Nothing More Perfect is a short book of poems by Canadian poet Marty Gervais. They’re have a sweetness and a sincerity about them that a lot of contemporary poetry eschews, but it’s quite refreshing, actually.
Lawrence Hill rose to fame in Canada with his powerhouse of a novel, The Book of Negroes (American title: Someone Knows My Name), which won the 2008 Commonwealth Writers’ Prize, among others, and was later adapted as a mini-series. It wasn’t his first novel, however; that space is taken by Some Great Thing, which follows Mahatma Grafton, a cynical journalism graduate who moves back to Manitoba and takes a job with The Winnipeg Herald at the height of the controversy over official French-English bilingualism in the 1980s. It’s sharply-biting satire, and seriously funny.
Book Lovers delighted me, because it’s romance that plays with rom-com tropes in a brilliant and deliberate way. We all know the Hallmark type of story where the protagonist moves to a small town to support their ailing parent or bail out the family bakery or whatever, meets a wholesome hayseed, ditches their terrible career-focused city love interest, and lives happily ever after in Podunk, Wisconsin. But what happens to the person they left behind? Nora Stephens, a cut-throat New Yorker literary agent, has been dumped for the podunk life four times. Is lasting love just not possible for someone like her? (Spoiler alert: it is.) I also really appreciated that the things keeping the star-crossed love interests apart were not dumb romance tropes (She can’t admit she has amnesia! He’s really his own twin!) but simply the facts that life is complicated, practical circumstances can be big barriers, and sometimes you have to work through your own stuff before you’re healthy enough and ready enough to be with someone else. It’s a clever, clever book. Also quite smutty in parts. Reader be advised.

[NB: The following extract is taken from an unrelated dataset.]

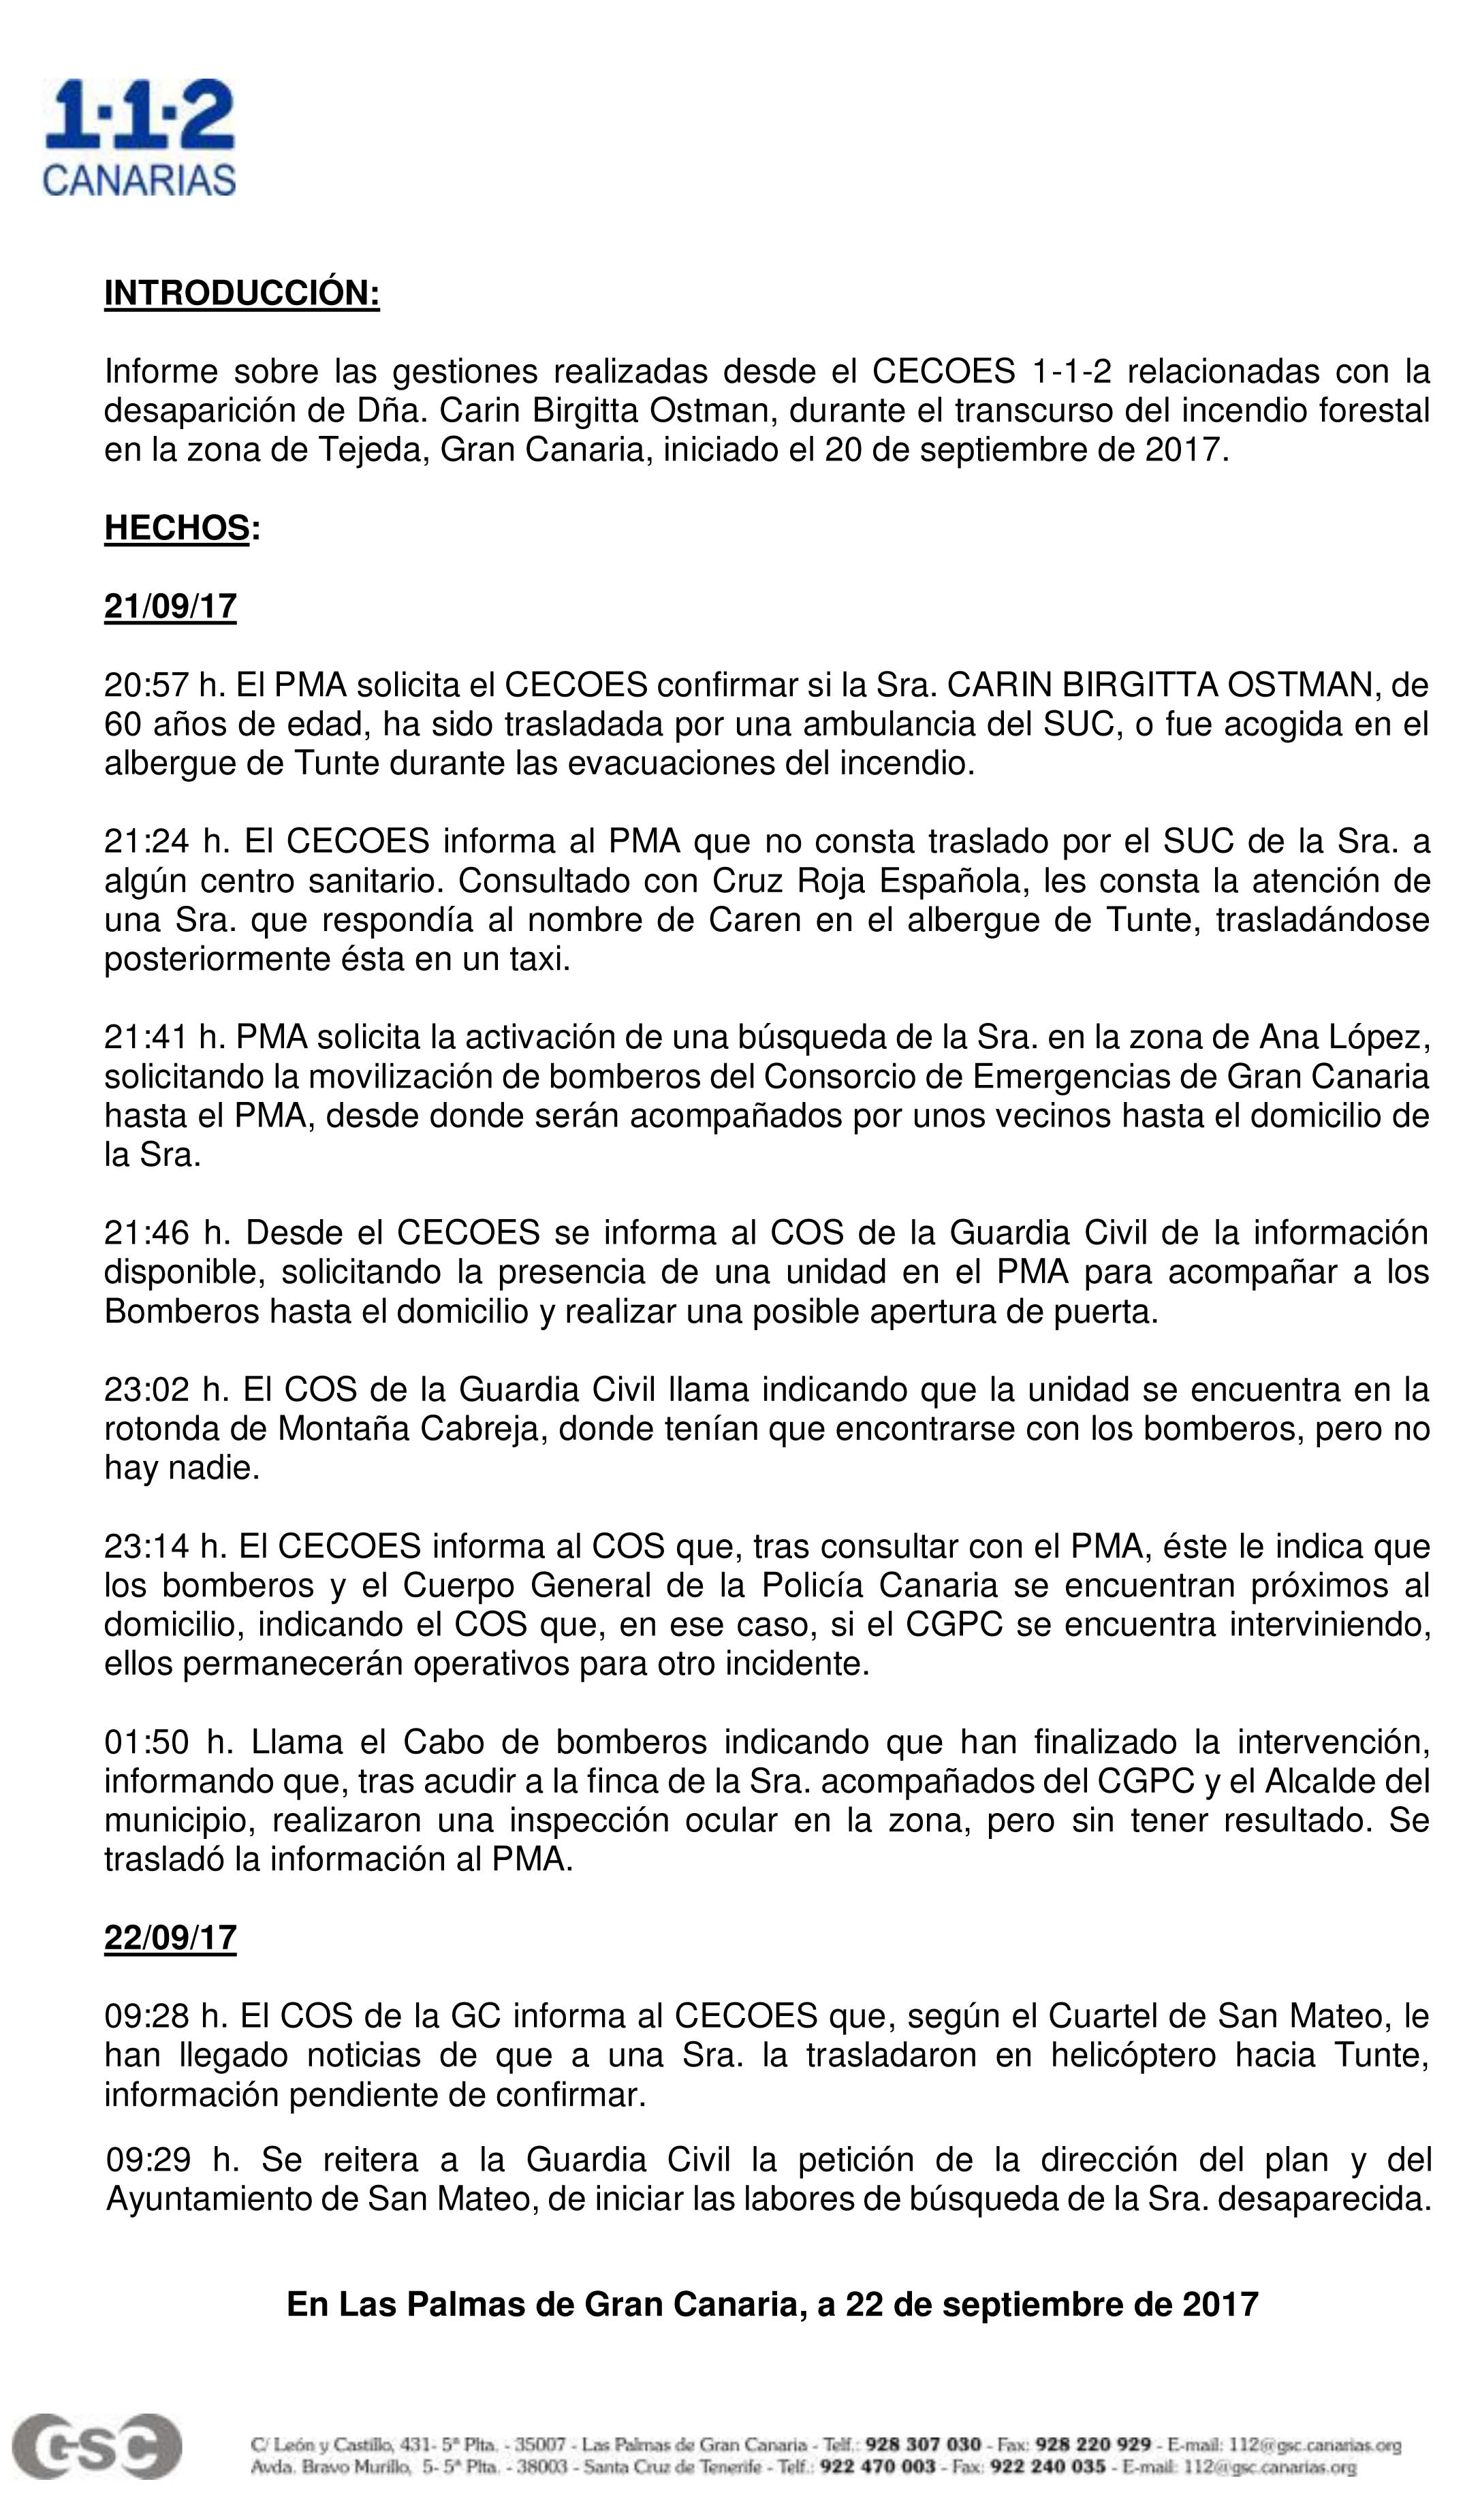 Documento 112 Busqueda Carin Birgitta

Adrian Plass on Tour is one of the “Sacred Diarist” series of short and hilarious novels by Adrian Plass (the author), featuring Adrian Plass (the character) and a bevy of his fictional friends and relations. In this installment, Adrian is going on tour as a Christian speaker, along with his wife Bridget, his son Gerald (now a wisecracking Anglican vicar), their irrepressibly-odd friend Leonard Thynn, and Thynn’s new girlfriend, the improbably-named Angels Twitten. Adrian Plass (actual person) is always a pleasure to read, now being enjoyed by a third generation in my family — my parents introduced me to his books, and I’ve introduced them to Anselm! They’re heartwarming as well as hilarious (The Theatrical Tapes of Leonard Thynn may be one of my all-time favourite books.)